How to find the SNP effects ( `$\mathbf{a}$` )?

We minimize the residual sum of squares
`\begin{align*}
\boldsymbol{\epsilon}' \boldsymbol{\epsilon} &= (\mathbf{y-Wa})'(\mathbf{y-Wa}) \\
&= \mathbf{y}'\mathbf{y}  - \mathbf{y}'\mathbf{W} \mathbf{a}- \mathbf{a}'\mathbf{W}'\mathbf{y} + \mathbf{a}'\mathbf{W}'\mathbf{W}\mathbf{a}  \\
&= \mathbf{y}'\mathbf{y} - 2\mathbf{a}'\mathbf{W}'\mathbf{y} + \mathbf{a}'\mathbf{W}'\mathbf{W}\mathbf{a}
\end{align*}`

We take a partial derivative with respect to `$\mathbf{a}$`
`\begin{align*}
  \frac{\partial \boldsymbol{\epsilon\epsilon}'}{\partial \boldsymbol{a}} &= 2 \mathbf{W}'\mathbf{W} \mathbf{a} - 2\mathbf{X}'\mathbf{y}
\end{align*}`

By setting the equation equal to zero, we obtain a least square estimator of `$\mathbf{a}$`. 
`\begin{align*}
\mathbf{W}'\mathbf{W} \mathbf{a} &= \mathbf{W}' \mathbf{y} \\
\hat{\mathbf{a}} &= (\mathbf{W}'\mathbf{W})^{-1} \mathbf{W}' \mathbf{y}
\end{align*}`

---
# Ordinary least squares (OLS) 
- `$\hat{\mathbf{a}}$` is the vector of regression coefficient for markers, i.e., effect size of SNPs

- if the Gauss-Markov theorem is met, `$E[\hat{\mathbf{a}}] = \mathbf{a} \rightarrow$` BLUE 
    - `$E[\boldsymbol{\epsilon}] = 0$`,  `$Var[\boldsymbol{\epsilon}] = \mathbf{I}\sigma^2_{\epsilon}$`

What if  number of SNPs ( `$m$` ) `$>>$`  number of individuals ( `$n$` ) ???

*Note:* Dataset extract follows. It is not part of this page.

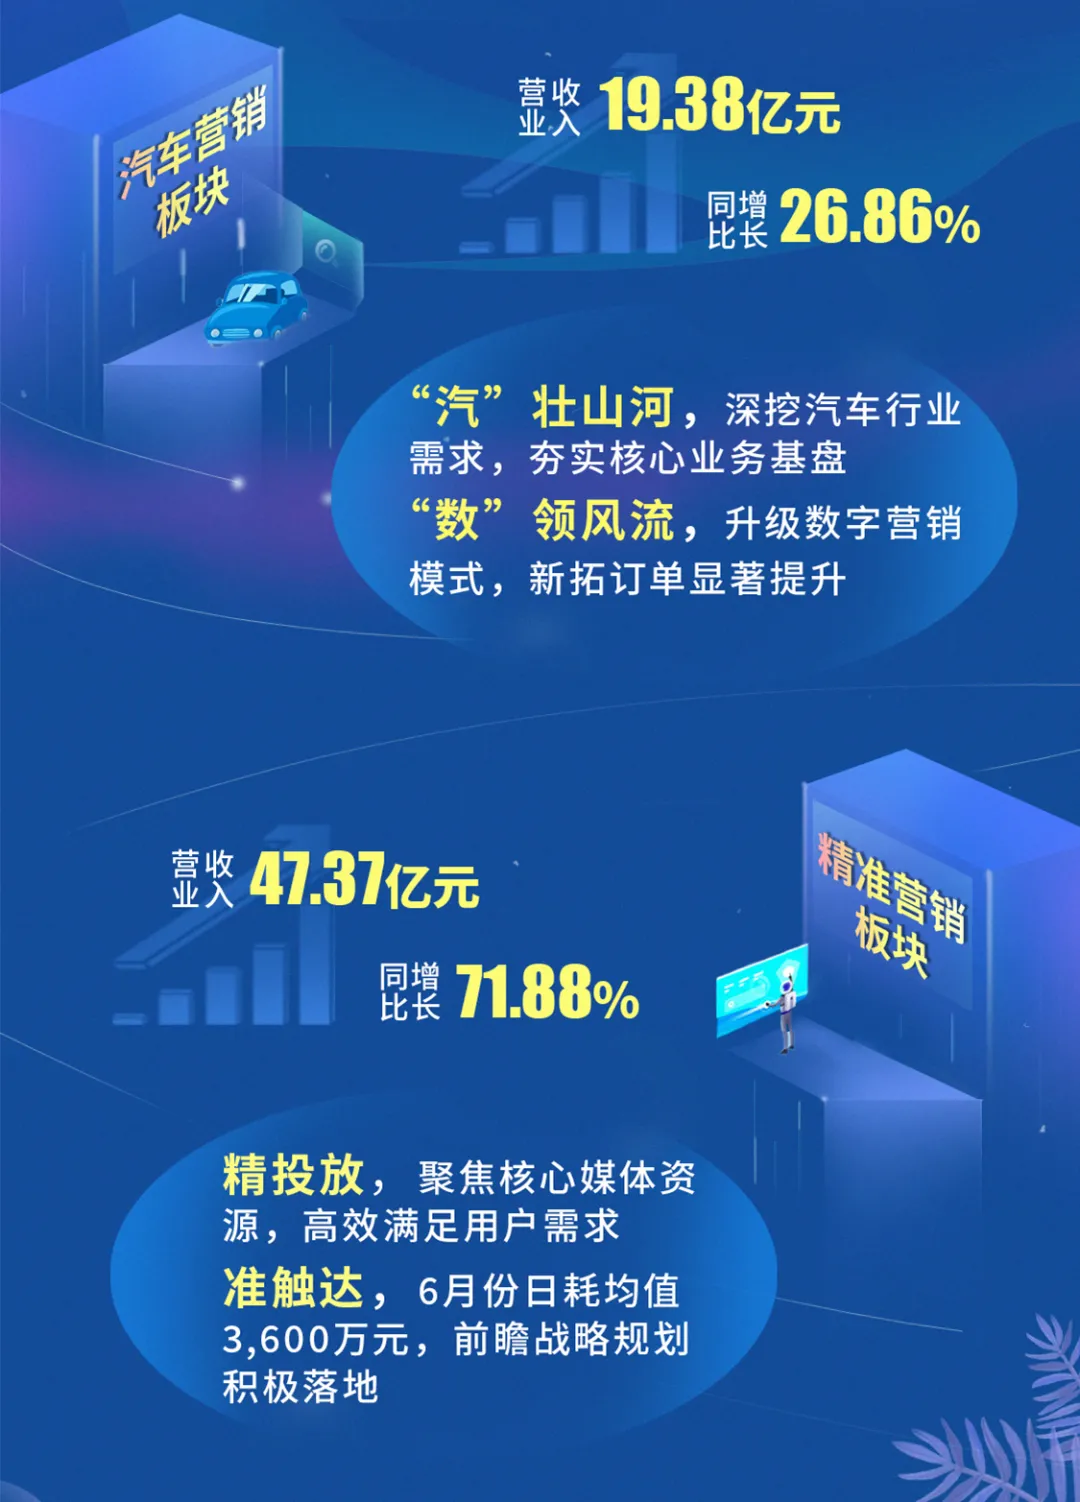 业绩高增长背后，浙文互联正成为数字经济弄潮儿

- `$(\mathbf{W}'\mathbf{W})^{-1}$` does not exist

- Effective degrees of freedom

---
class: inverse, center, middle

# Genomic BLUP

---
# Genomic best linear unbiased prediction
Suppose underlying signal is given by  
$$
\mathbf{y} = \mathbf{g} + \boldsymbol{\epsilon}
$$

where `$\mathbf{g} \sim N(0, \mathbf{G}\sigma^2_g)$`.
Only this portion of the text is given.